LA CUARESMA EN ABC
El patero del sábado: Un balcón, por Álvaro Rodríguez del Moral
Asomaban los primeros capirotes y sonaban los metales de unas bandas lastimeras
Había una Semana Santa presentida en el repiqueteo de la rampa que entretenía las sobremesas dominicales. Abajo pululaba la tropa de niños -rampa arriba, rampa abajo- vigilada por el pétreo Corazón de María . En lo alto de aquel breve compás, detrás de los cierres de madera, humeaba el café caliente de los mayores, reflejados absurdamente en torno a un azucarero de latón. El salón principal de aquel inmenso piso ya se abría de tarde en tarde. Oscuro y de atmósfera un punto ajada, tenía una antigua vitrina en la que se alineaban libros viejos que nadie leía. Algún trofeo de la guerra, fotos enmarcadas en ampulosos marcos dorados, retratos de niños repeinados vestidos de comunión, la mesa de comedor, un espejo de azogues, dos candelabros de brazos, la puerta de cristales que daba a la salita… Creo que en aquel tiempo ya sólo se usaba dos veces. La primera de ellas despedía olor a mazapán de La Logroñesa . La abuela lo administraba con grave solemnidad a los nietos más golosos.

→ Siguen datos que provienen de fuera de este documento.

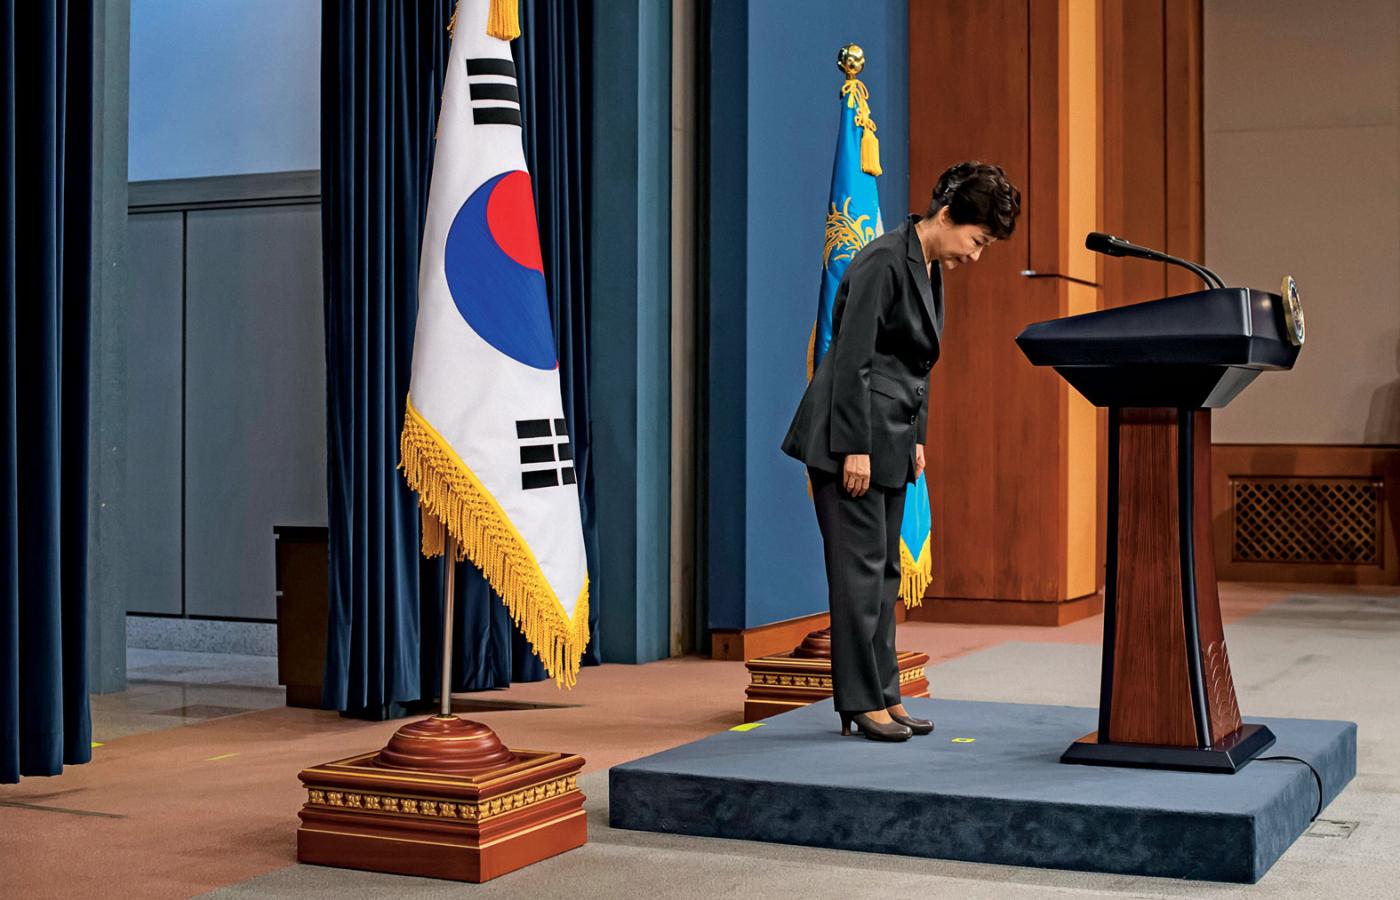 Prezydent Korei Płd. Park Geun-hye przeprosiła naród w oficjalnym wystąpieniu, ale parlament odebrał jej władzę.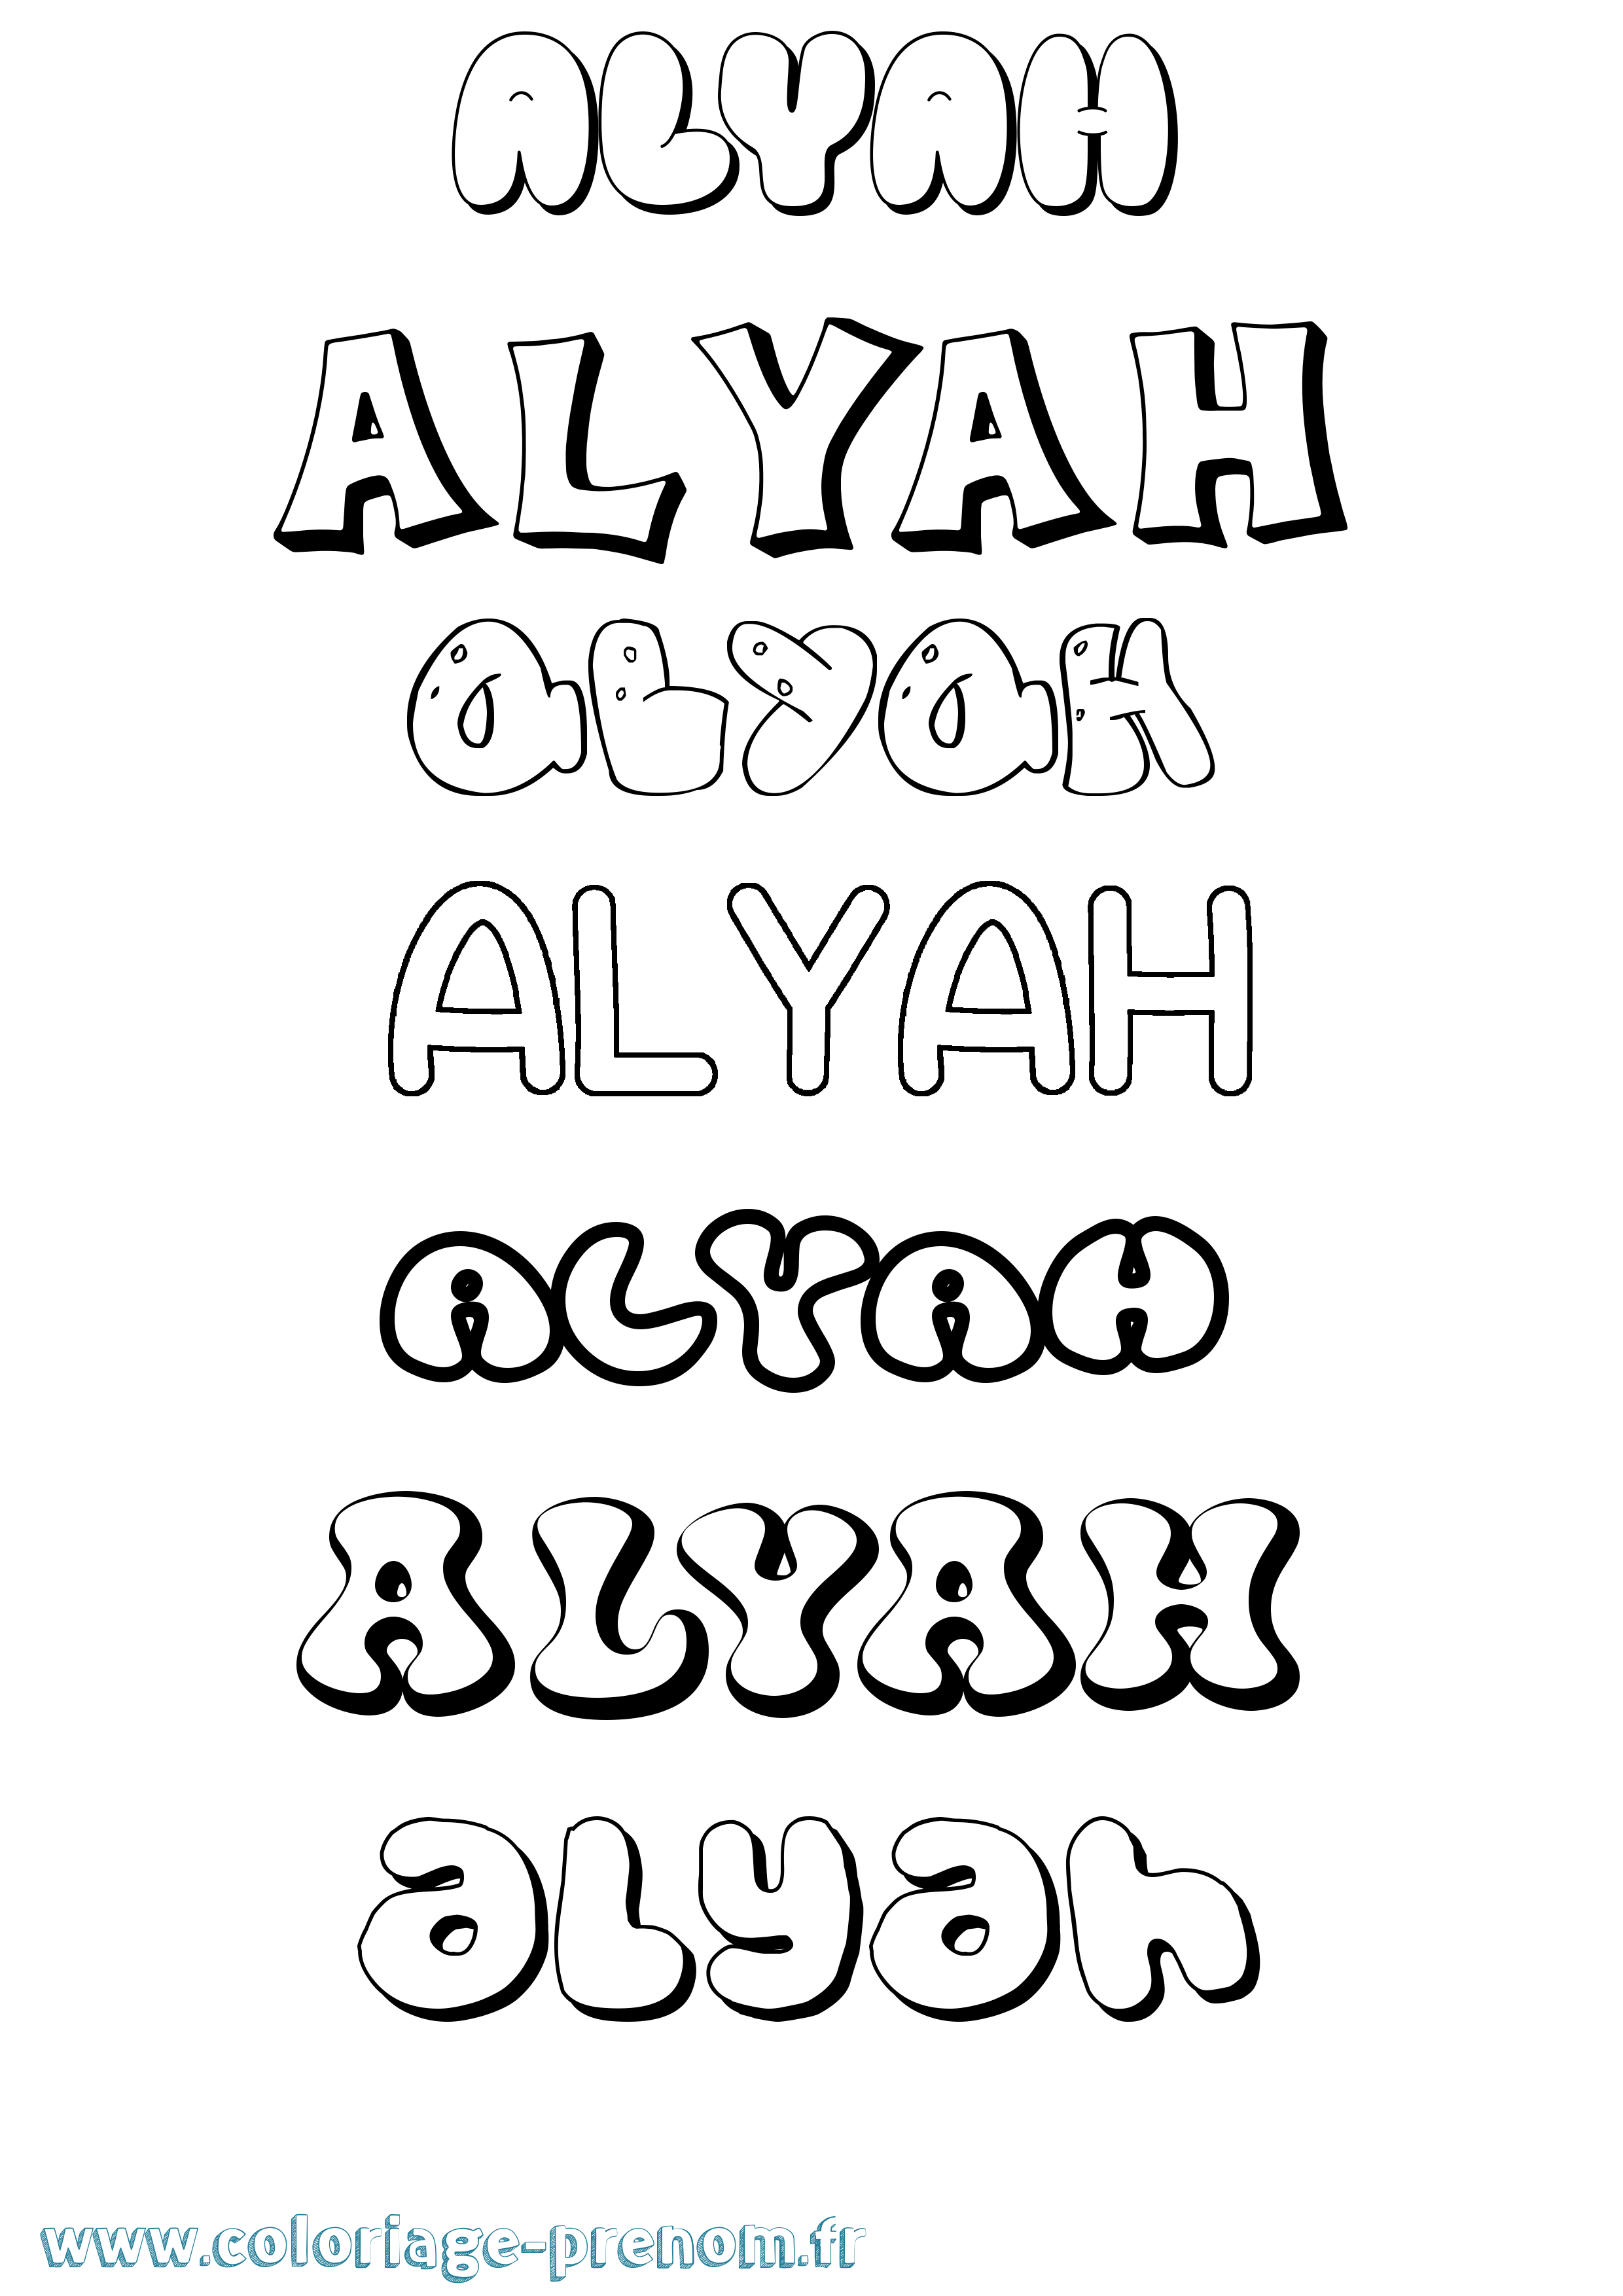 Coloriage prénom Alyah Bubble

Era la segunda vez que veíamos franqueada aquella puerta en todo el año. Pero antes, al llegar la primavera, su balcón se abría de par en par para dejar entrar el aire nuevo de un tiempo de ilusiones. Los barrotes se guarnecían con un tablero -retorcido por las inclemencias meteorológicas- que salvaguardaba la decencia de las señoras. No era cuestión de enseñar demasiado las piernas.
Había sitio para todos: los mayores, en dos filas, y los más chicos sentados a sus pies con la cara encajada entre unos barrotes de forja que ahora recobran vida. La mesa se llenaba de huevo hilado, fiambre, mediasnoches y refrescos. El olor de la merienda se mezclaba con el humo del incienso que llegaba de la calle o el compás conventual. Abajo, un arropiero pregonaba las excelencias de su canasto y las primas -ya mayorcitas- se reían entre dientes cuando alguien bajaba a comprarle chochos.
Asomaban los primeros capirotes y sonaban los metales de unas bandas lastimeras. La señora de la casa permanecía, día a día, ajena a aquel goteo de cofradías mirando por encima del balcón que reunió tantas vidas y afectos. Sólo interrumpía su labor y la atención a aquella tropa menuda cuando pasaba -precedida de mil nazarenos negros- la misma dolorosa sin palio que siempre llevó colgada al cuello.